Copy, exactly as written, the lines that begin at the one containing "Bodysuit With Low Cut Back" and end at the one containing "Grey and white". Skip any pictures in the data below.

• Given data:
Segment Open

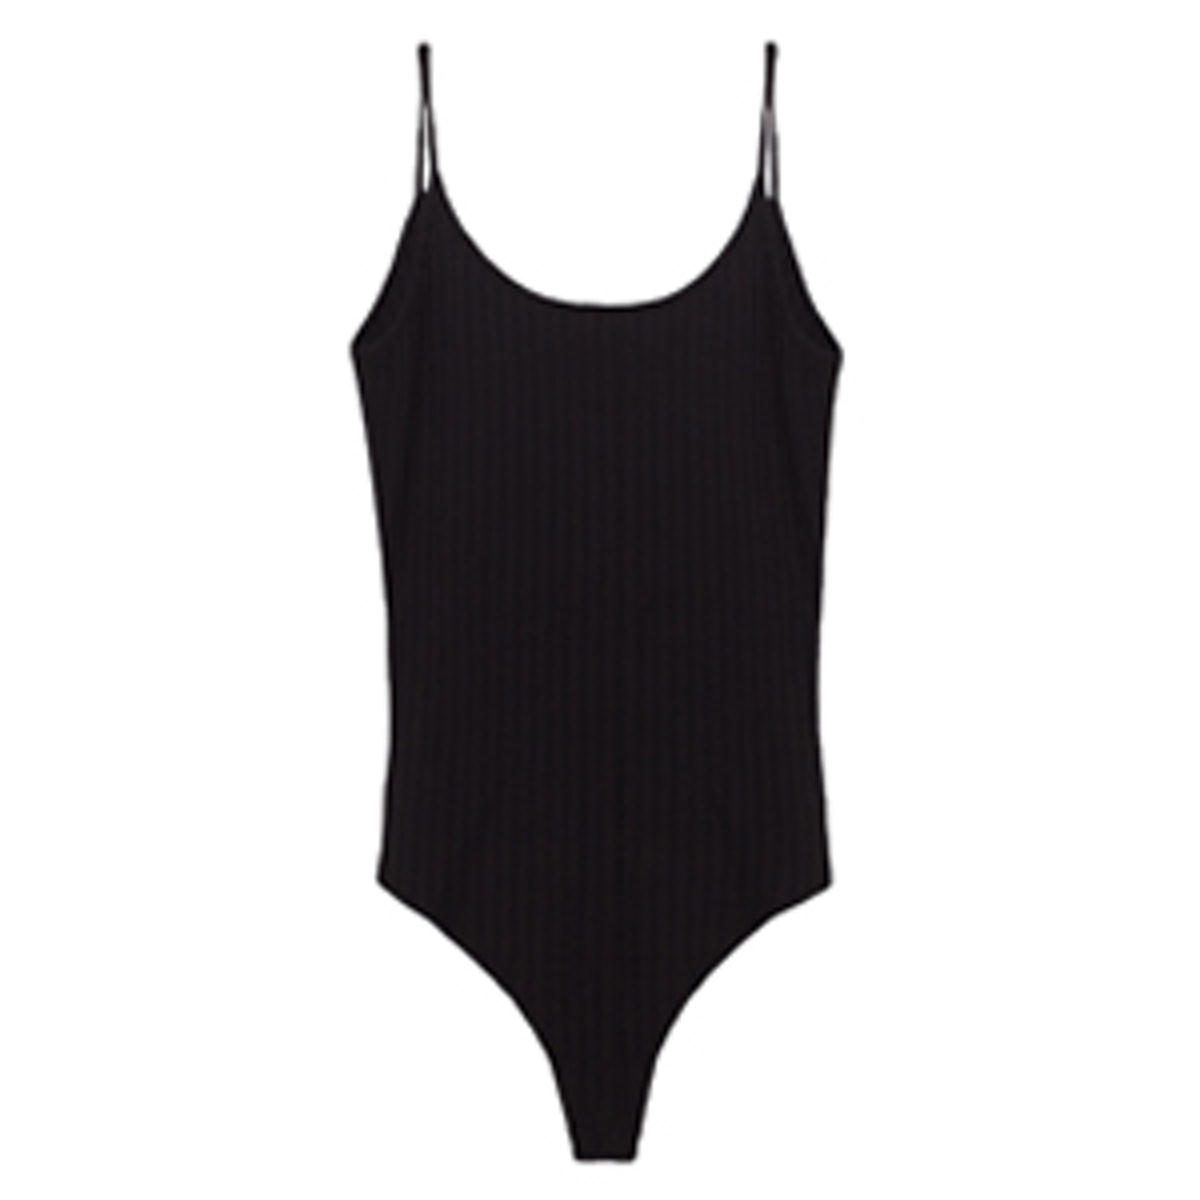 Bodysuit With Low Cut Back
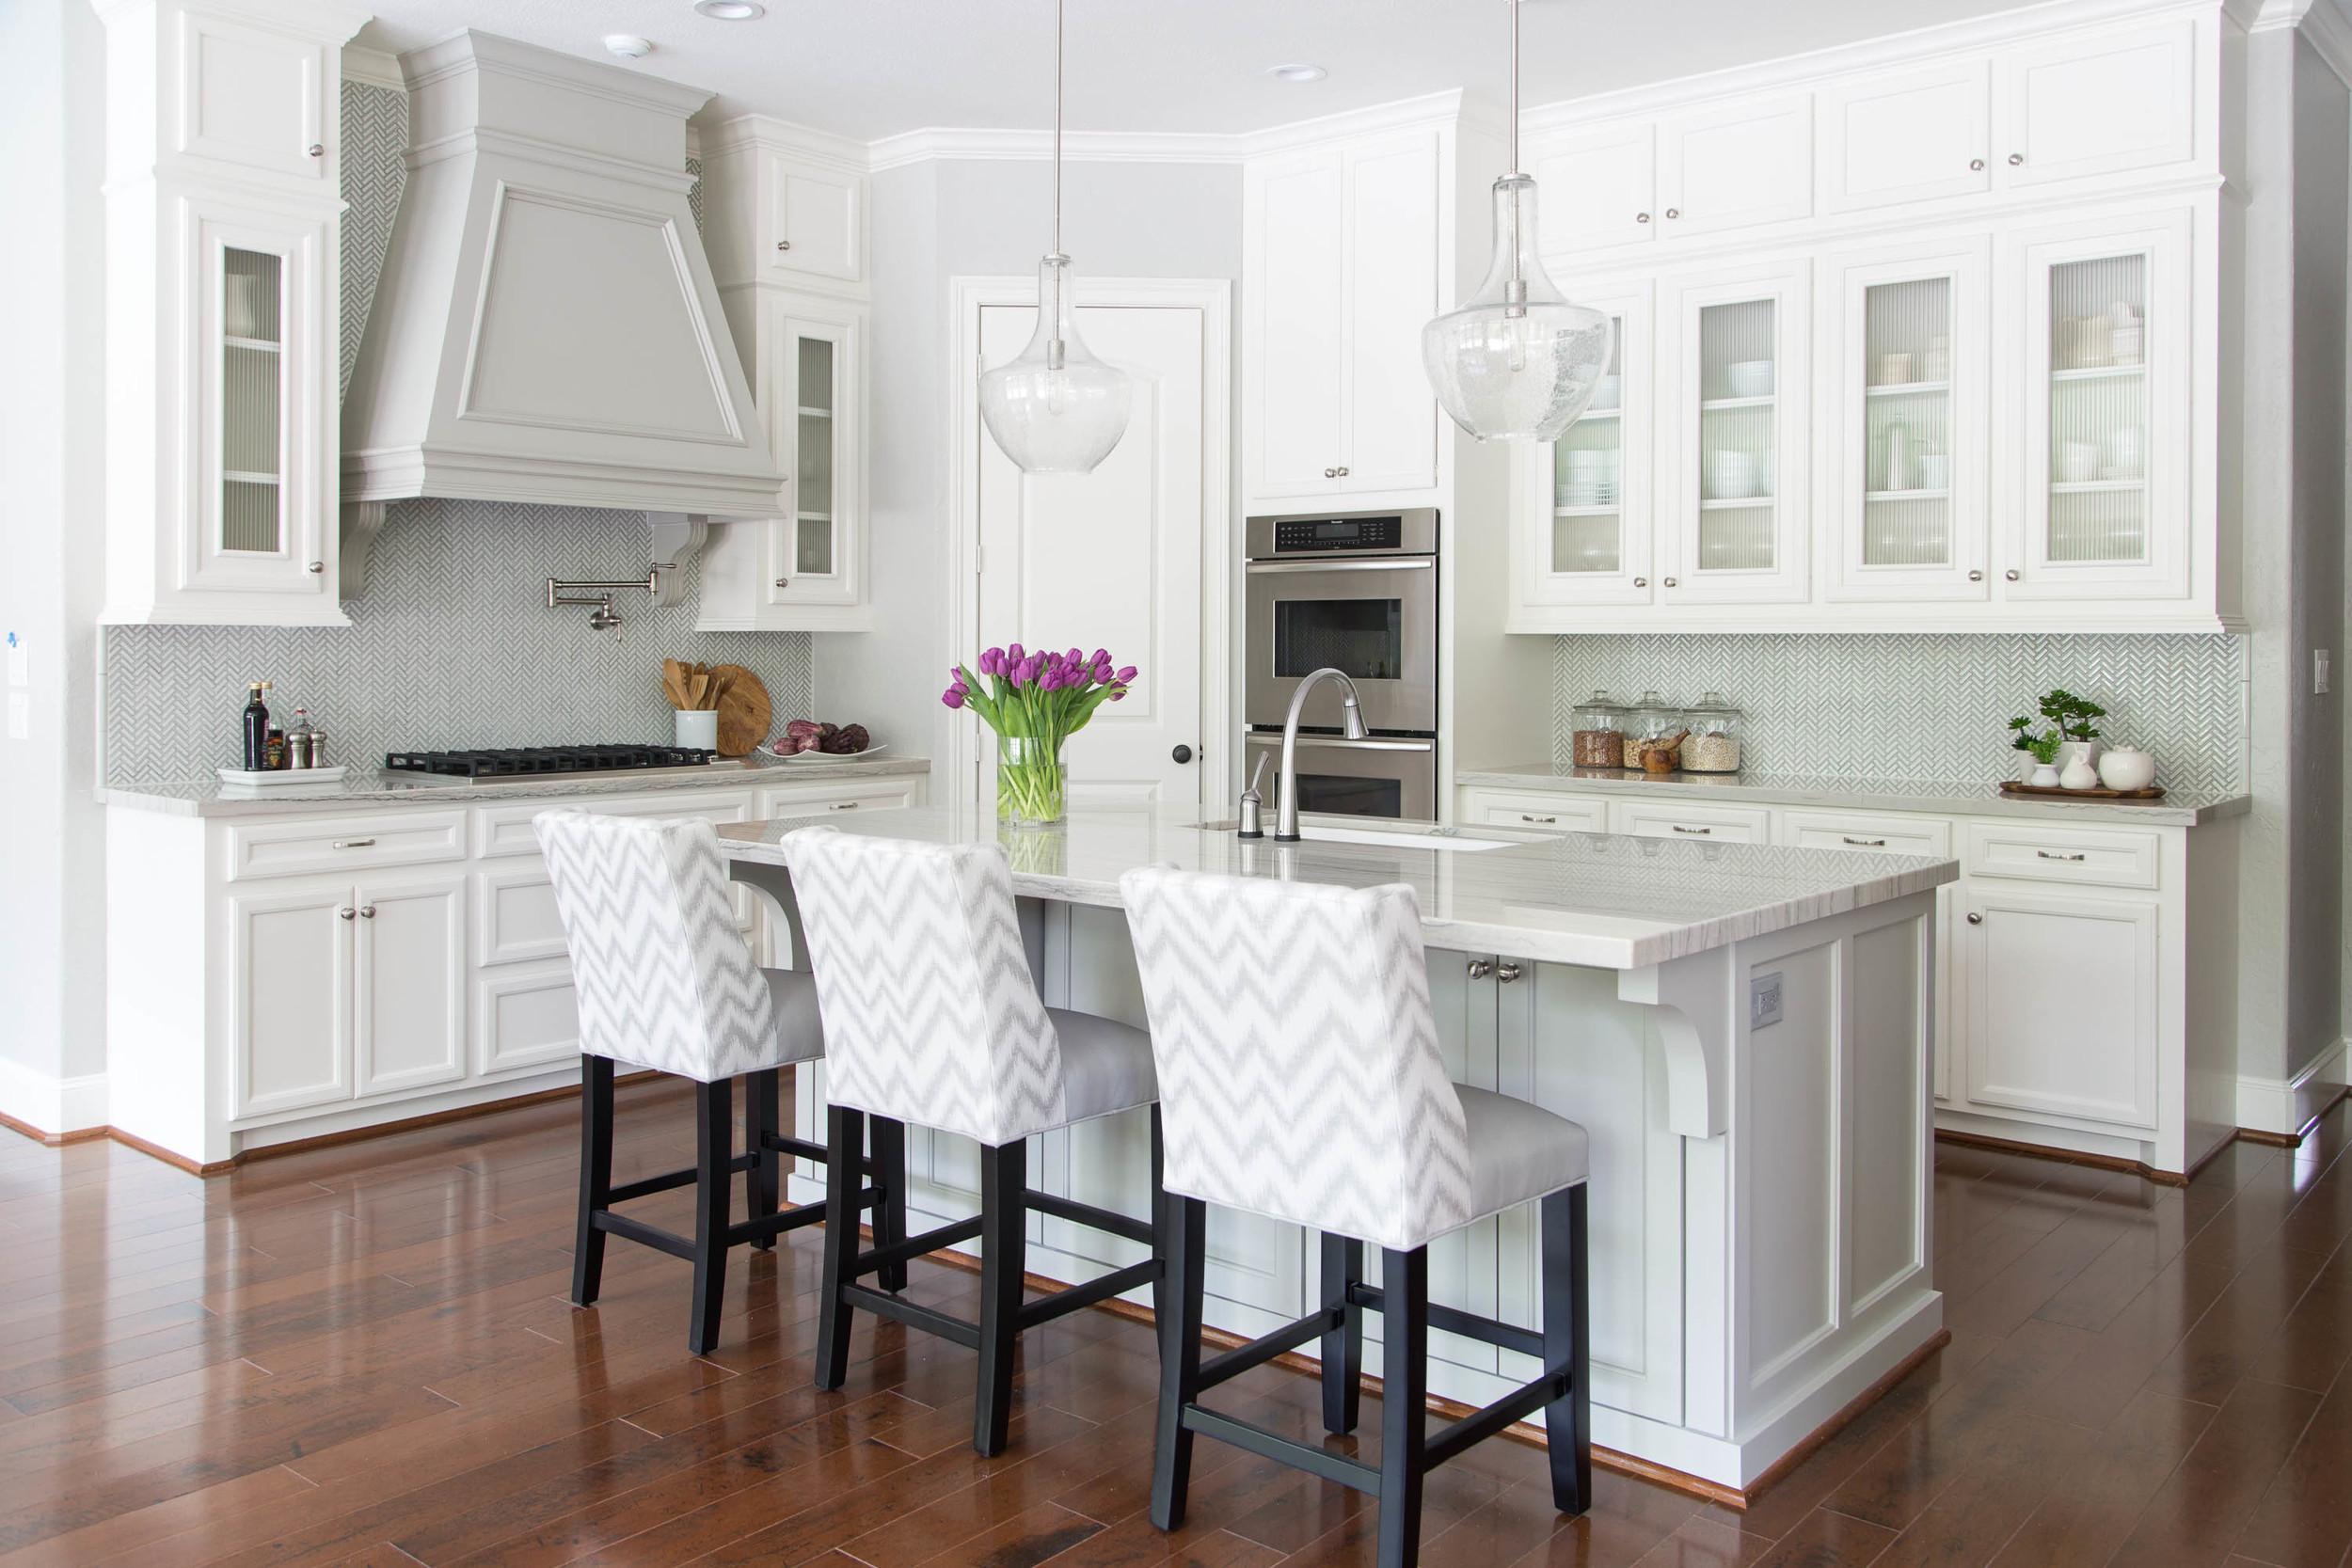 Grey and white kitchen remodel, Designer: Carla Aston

Segment Closed
Segment Open

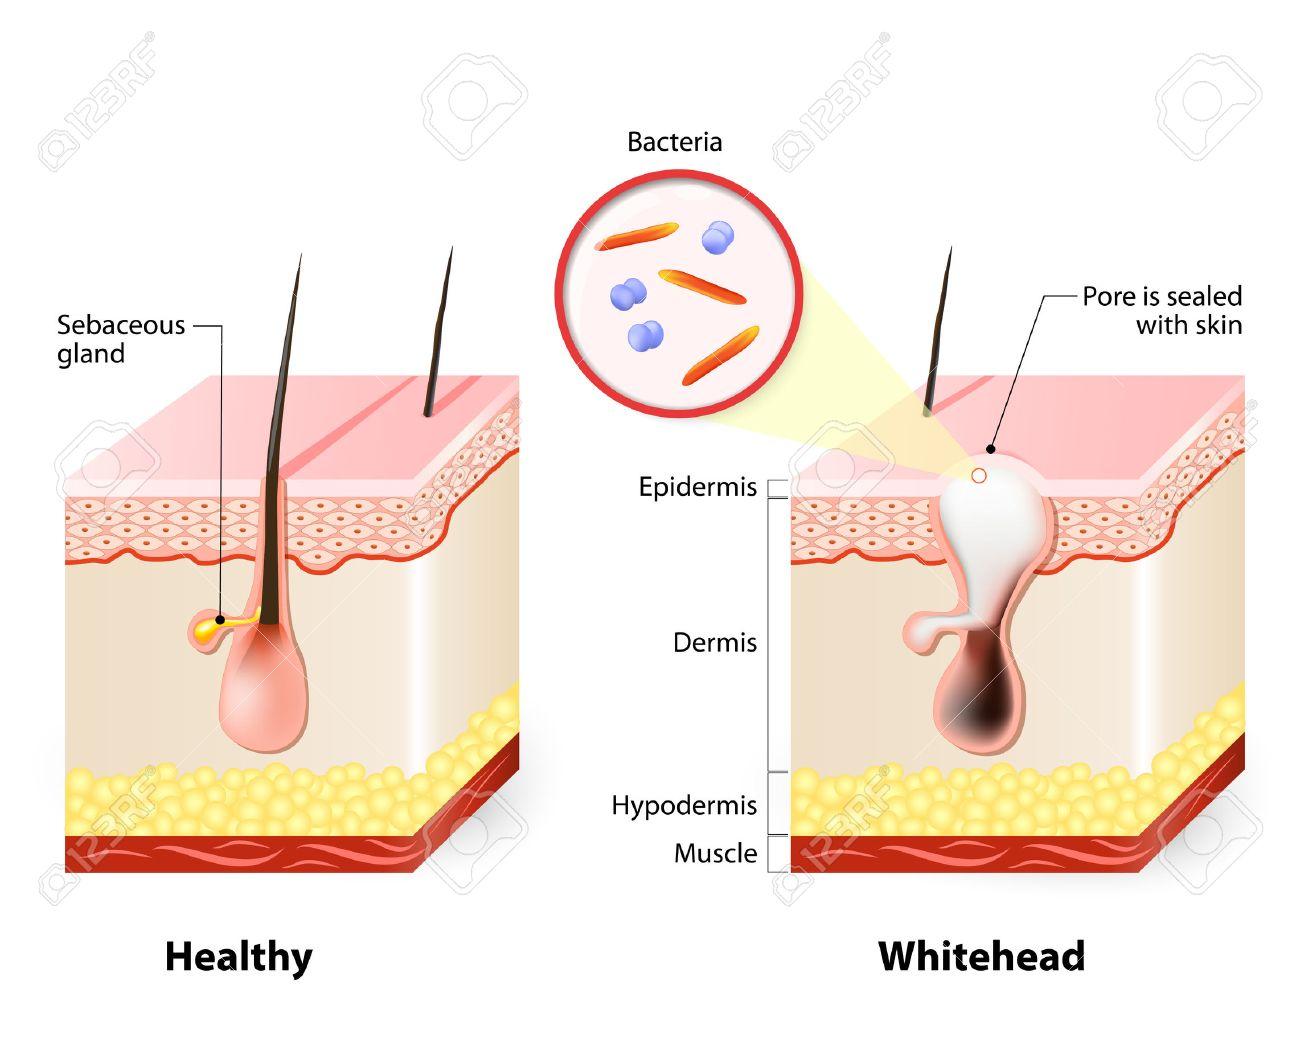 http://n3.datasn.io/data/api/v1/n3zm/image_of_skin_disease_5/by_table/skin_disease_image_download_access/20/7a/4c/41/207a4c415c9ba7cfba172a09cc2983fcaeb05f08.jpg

Segment Closed
Segment Open

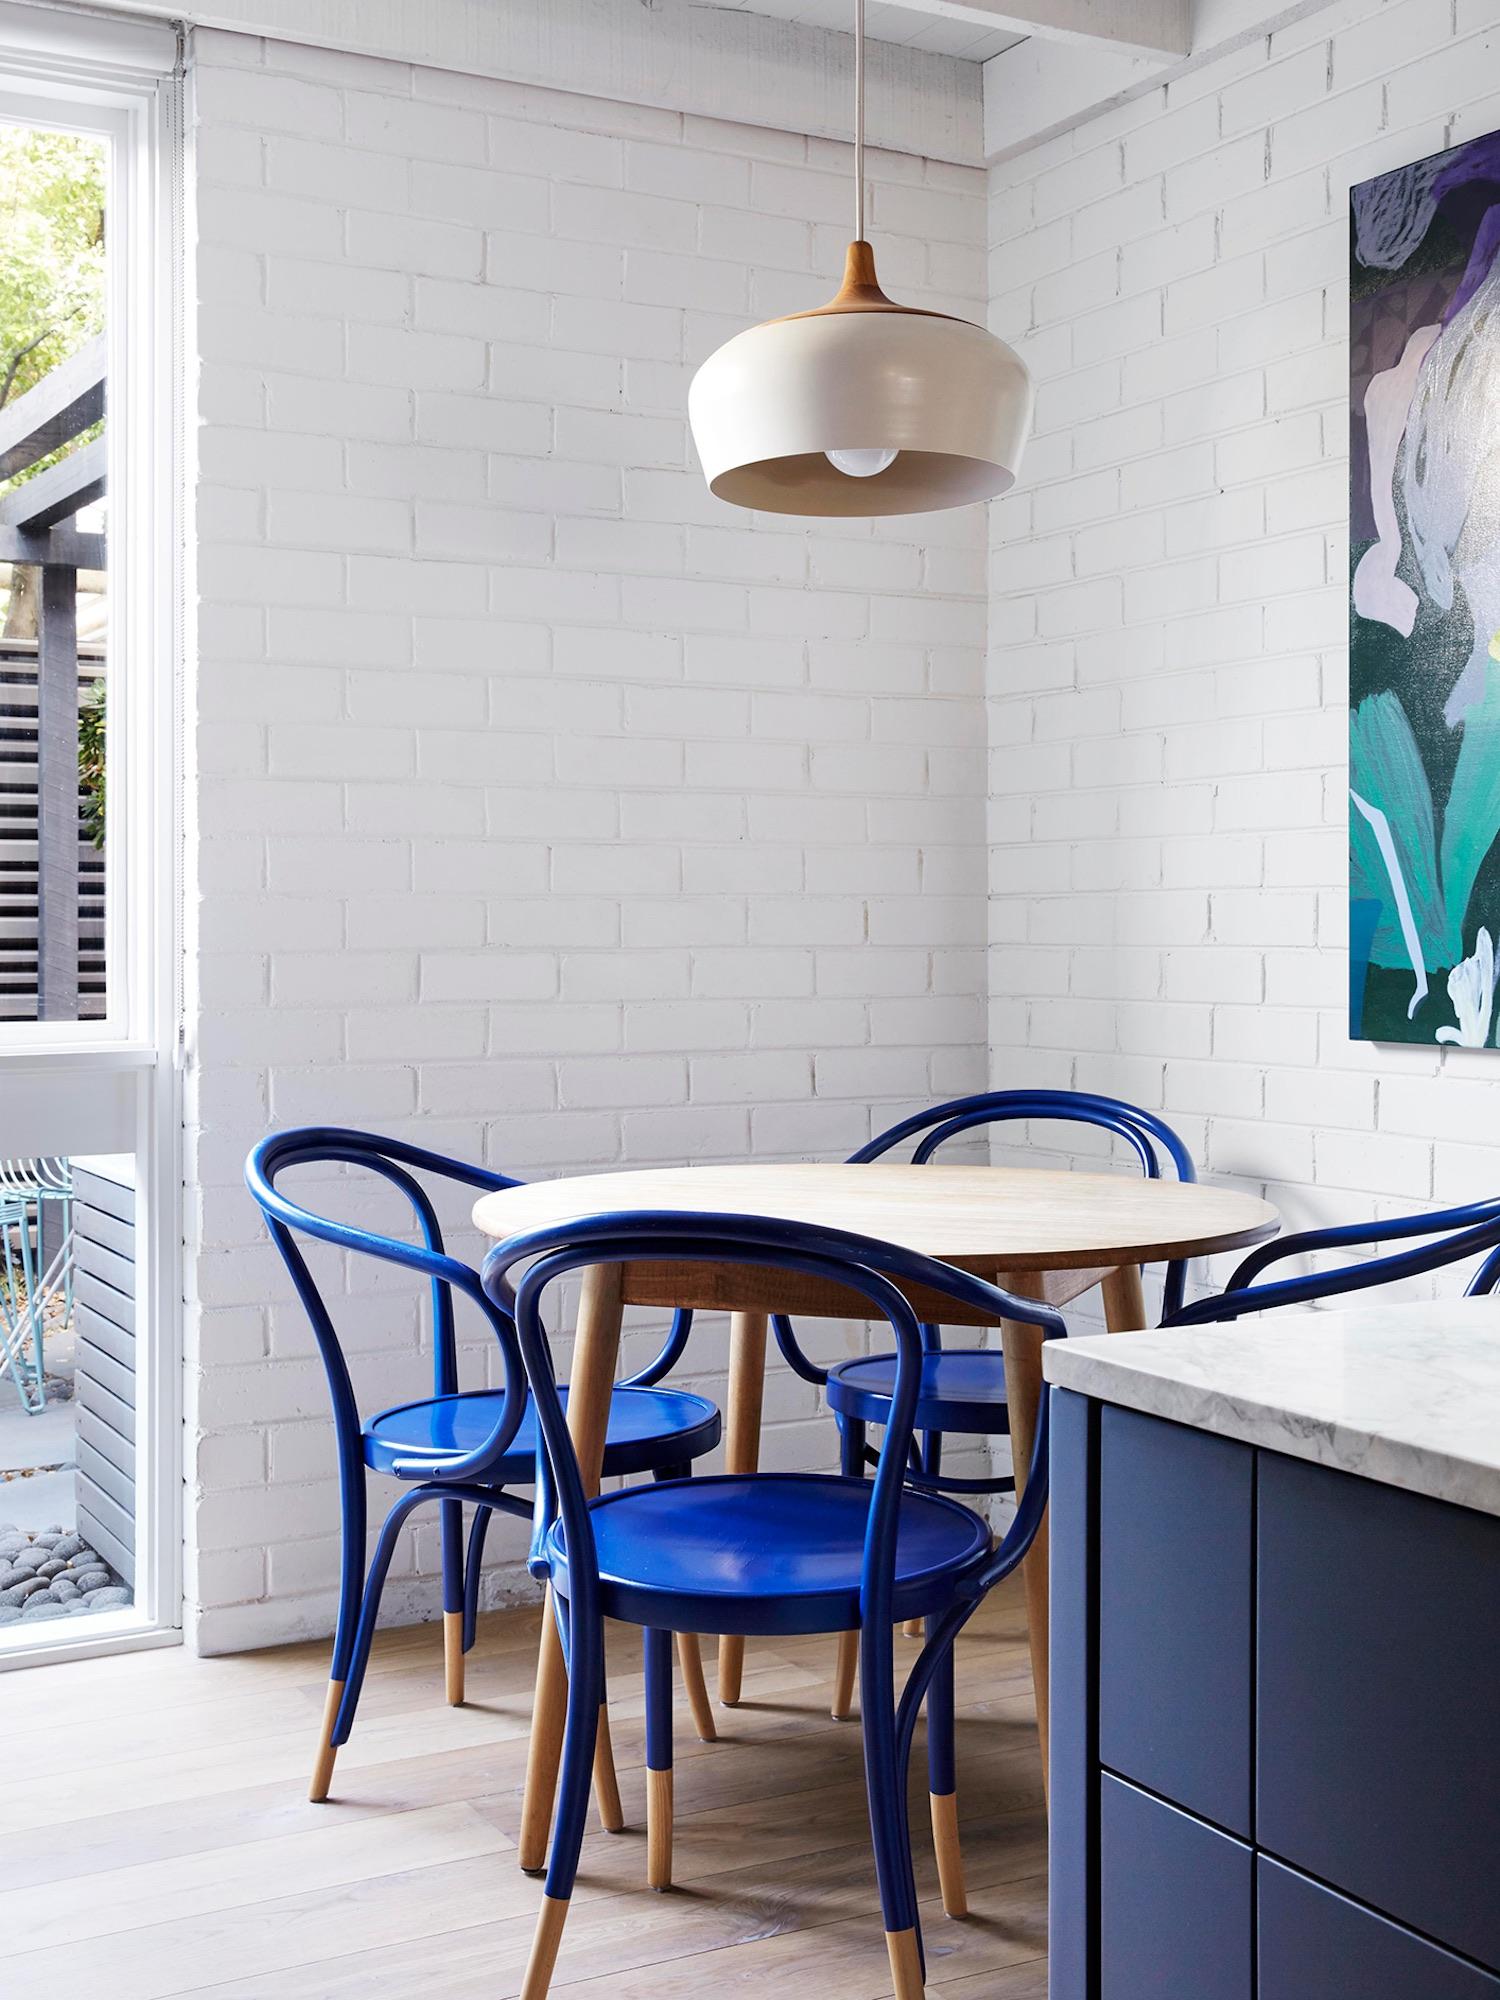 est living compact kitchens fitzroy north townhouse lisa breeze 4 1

Segment Closed

• Result:
 Bodysuit With Low Cut Back
 Grey and white kitchen remodel, Designer: Carla Aston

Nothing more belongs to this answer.